▶ _ABOUT THIS TASK_
Copy out every line of the data exactly; do not include the images.

▶ _SOURCE MATERIAL_
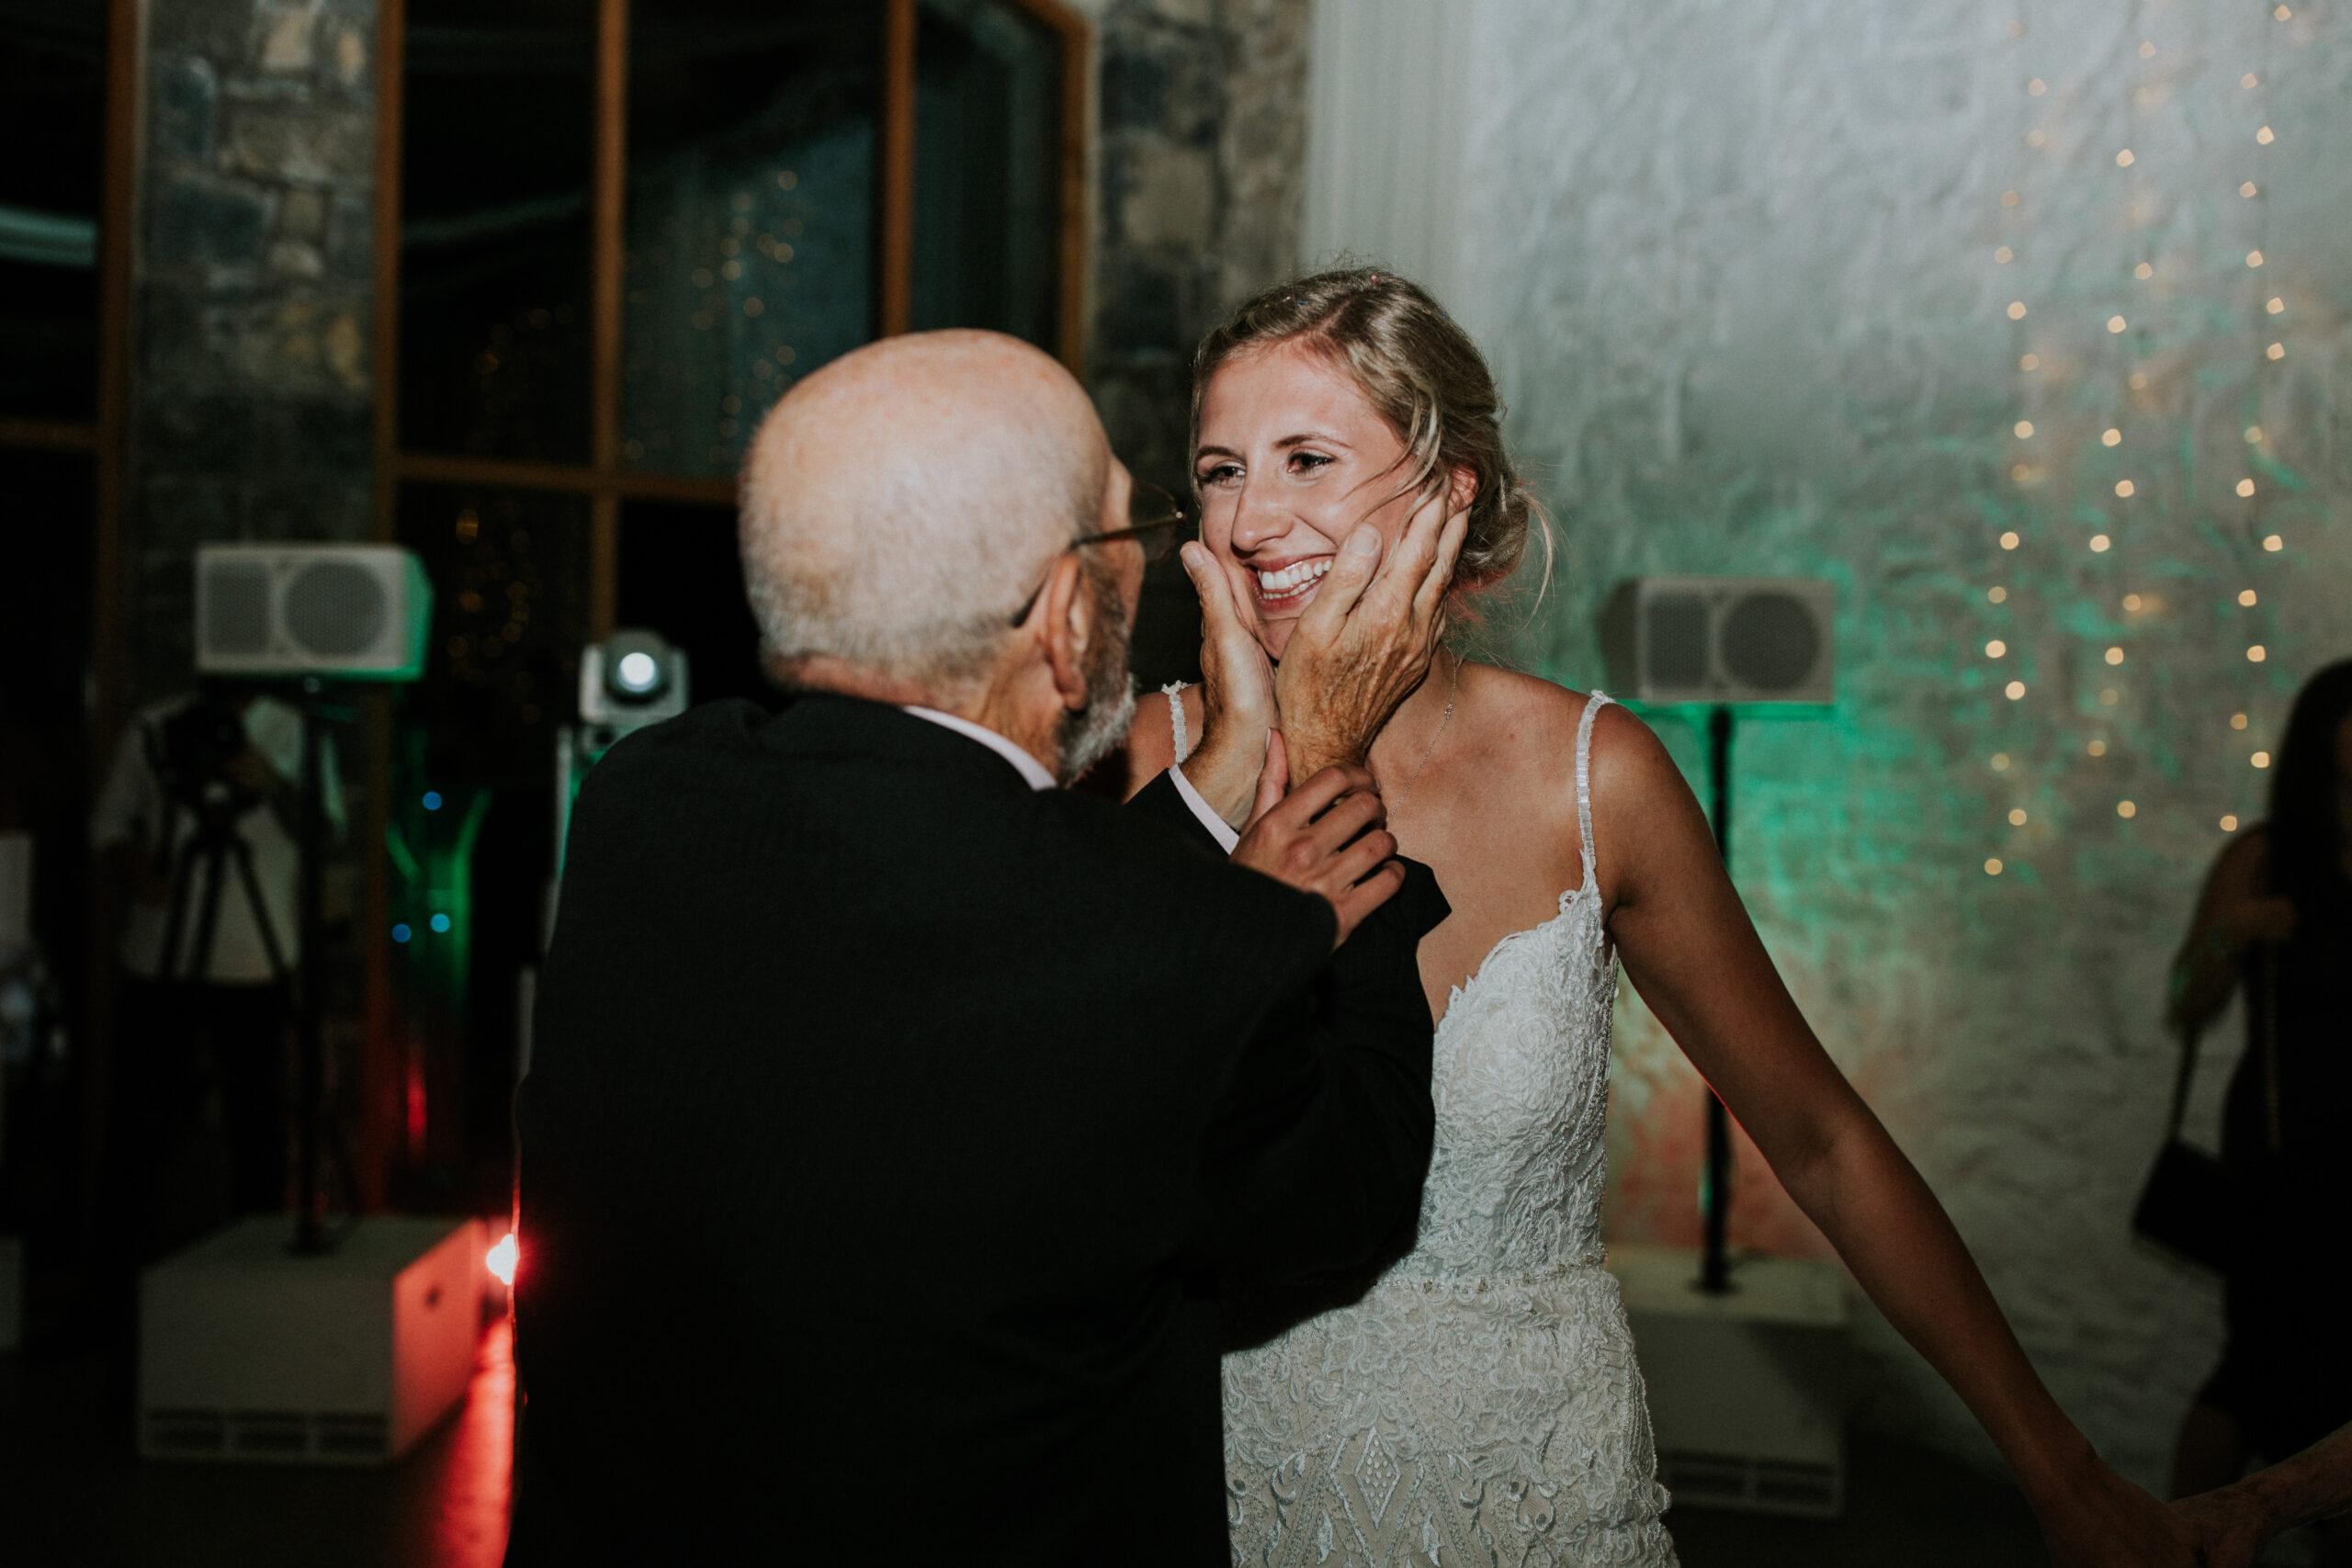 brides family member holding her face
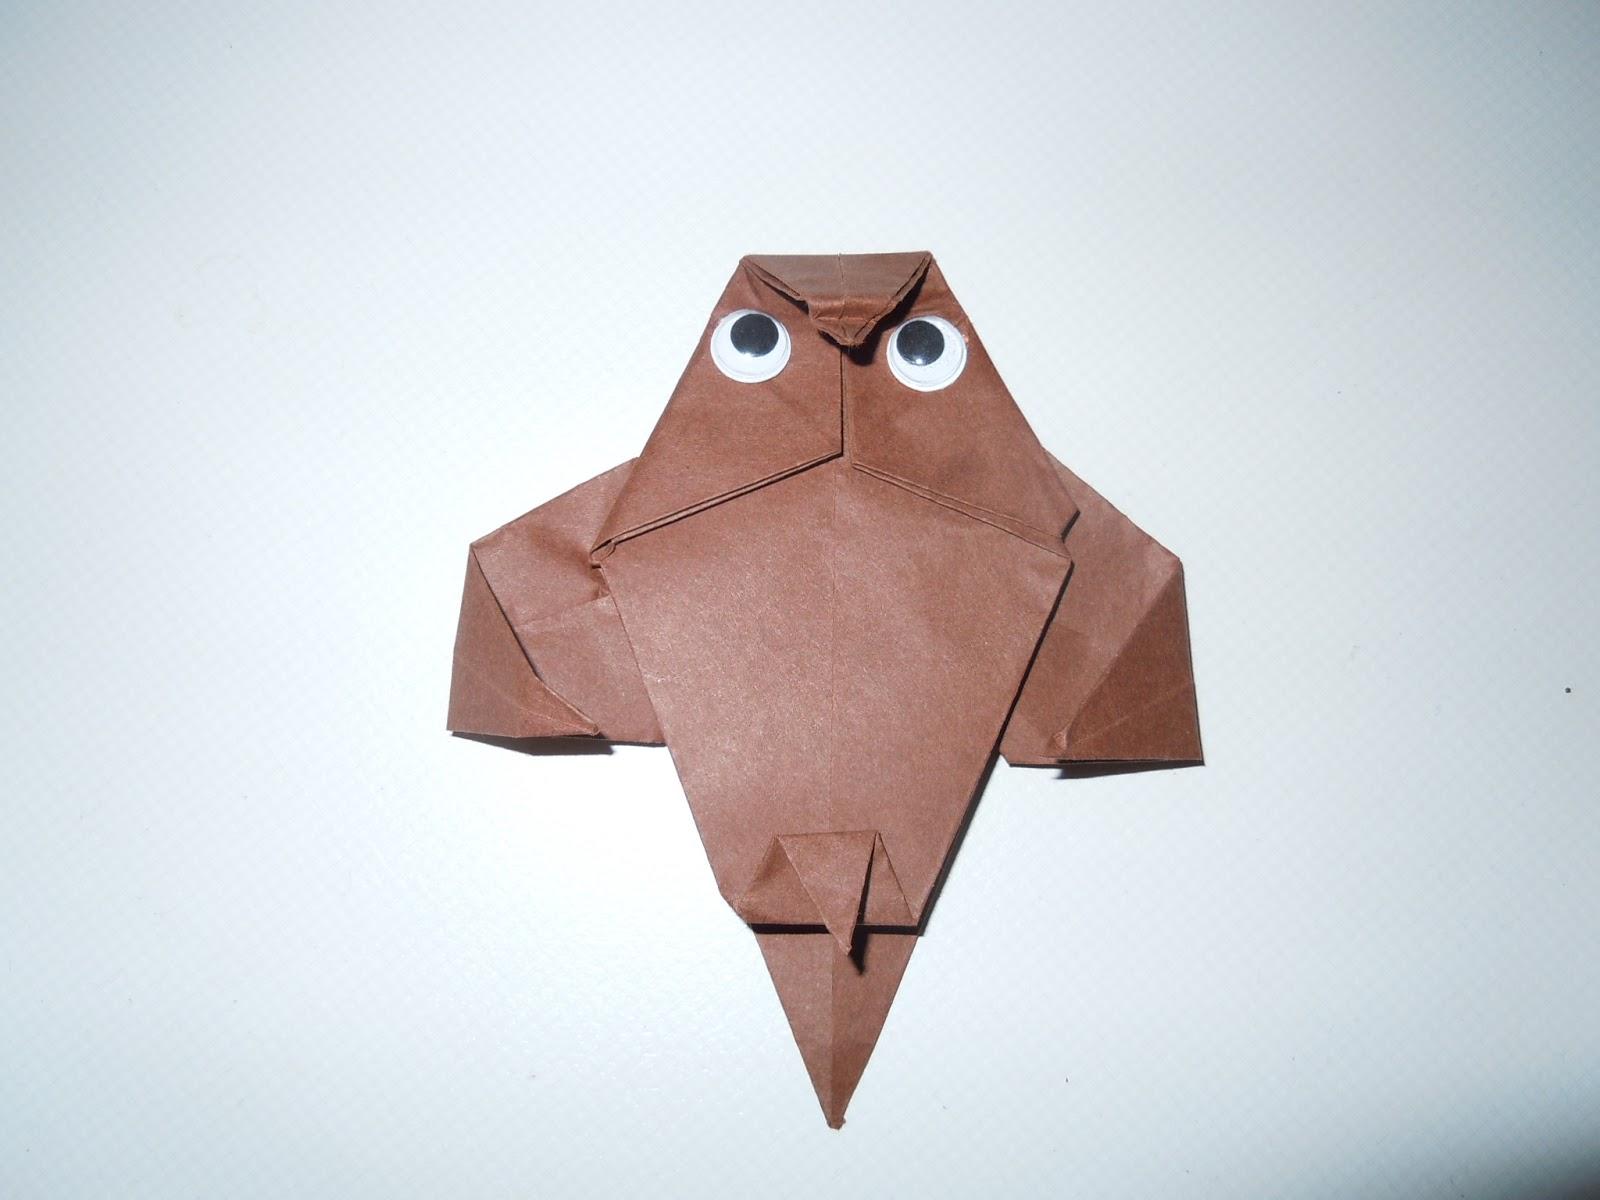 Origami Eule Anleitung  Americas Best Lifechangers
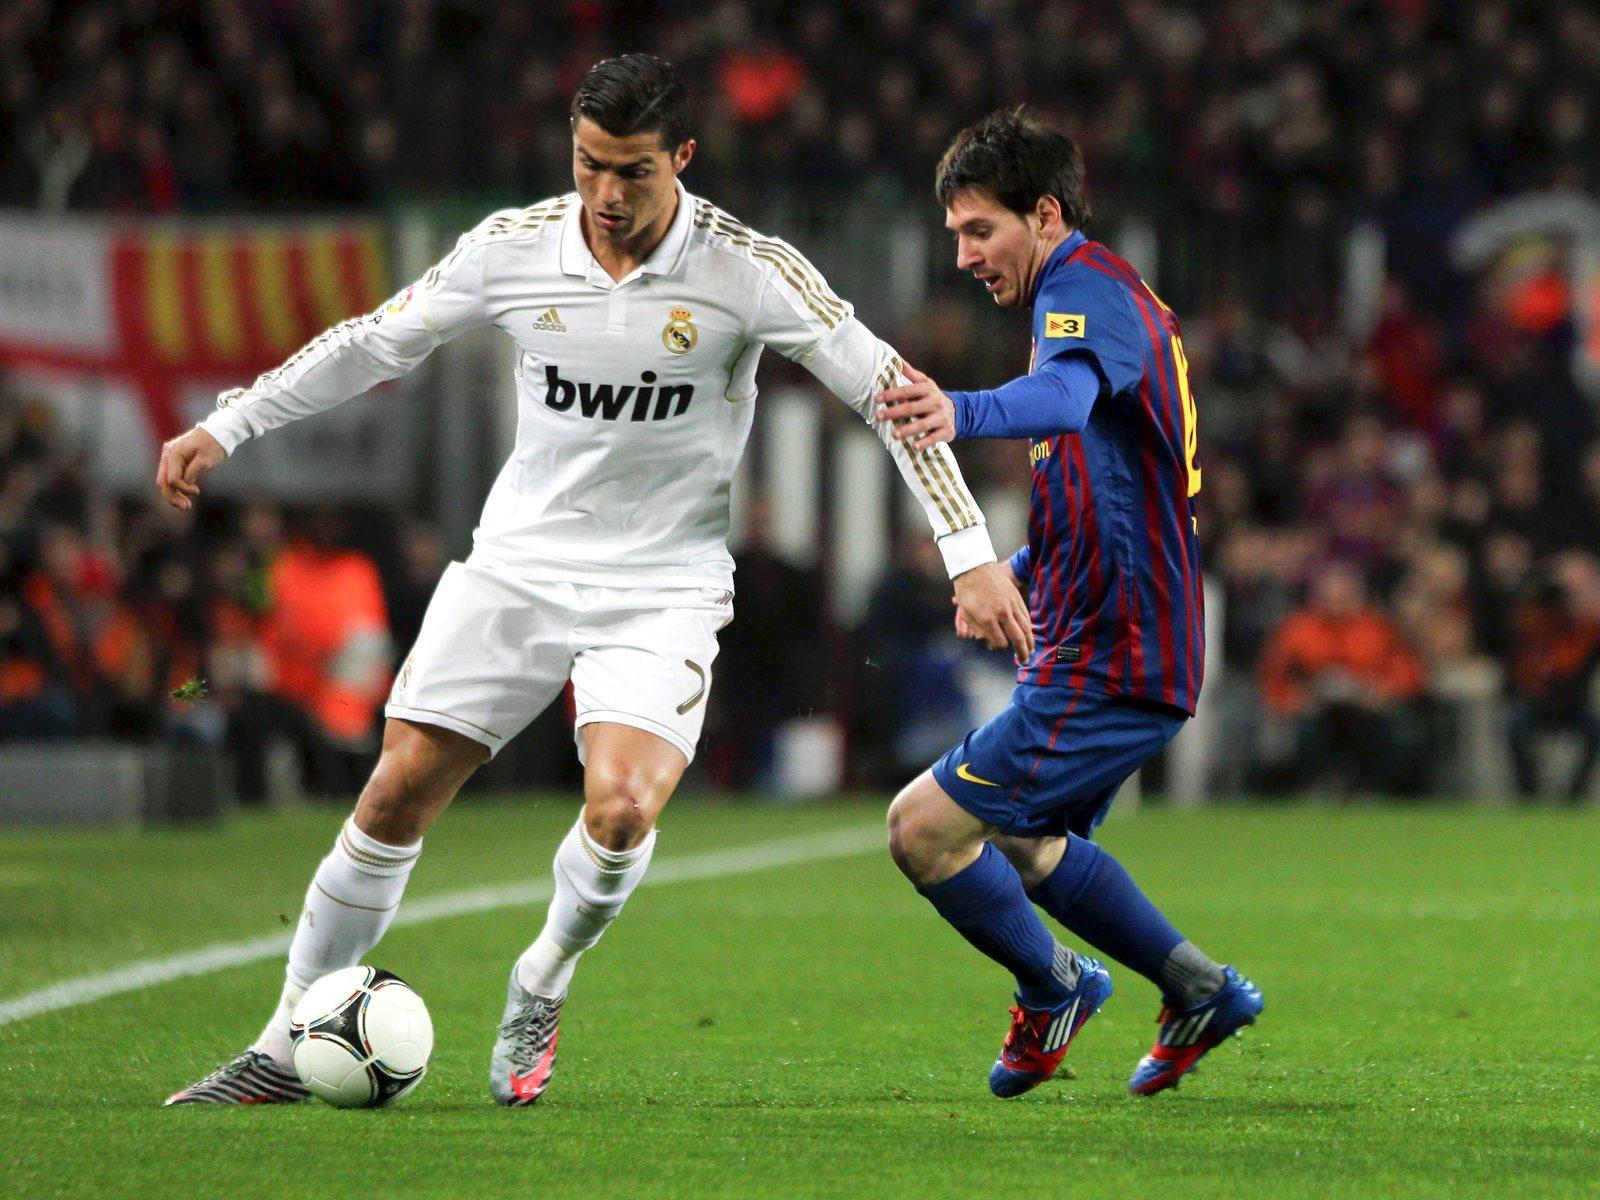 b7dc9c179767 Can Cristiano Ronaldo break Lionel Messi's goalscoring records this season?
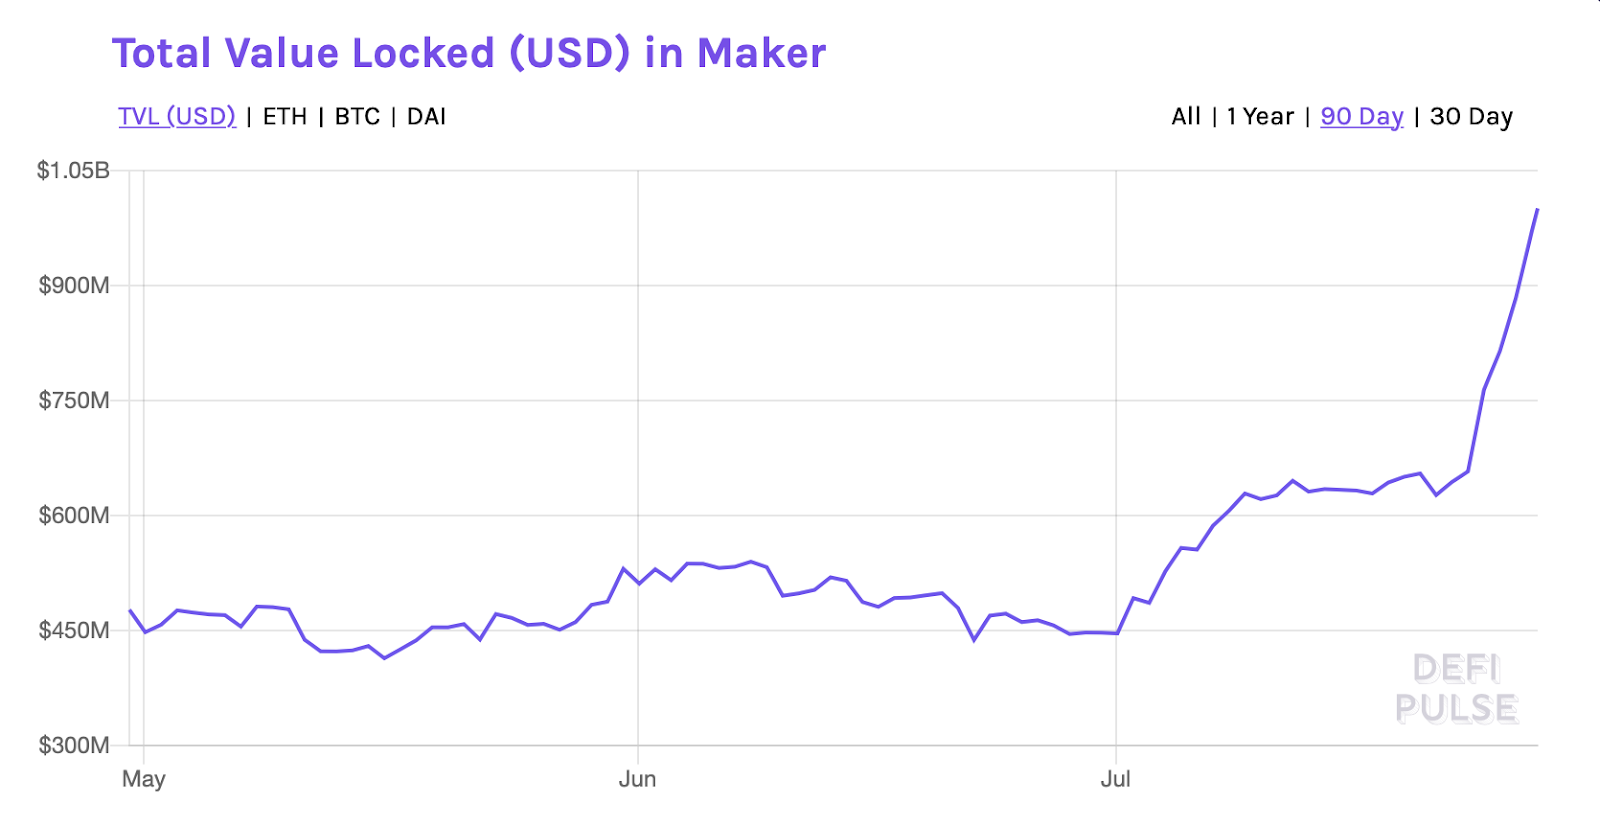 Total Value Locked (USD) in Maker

▶ _OUTPUT BELOW_
 brides family member holding her face
 Origami Eule Anleitung  Americas Best Lifechangers
 b7dc9c179767 Can Cristiano Ronaldo break Lionel Messi's goalscoring records this season?
 Total Value Locked (USD) in Maker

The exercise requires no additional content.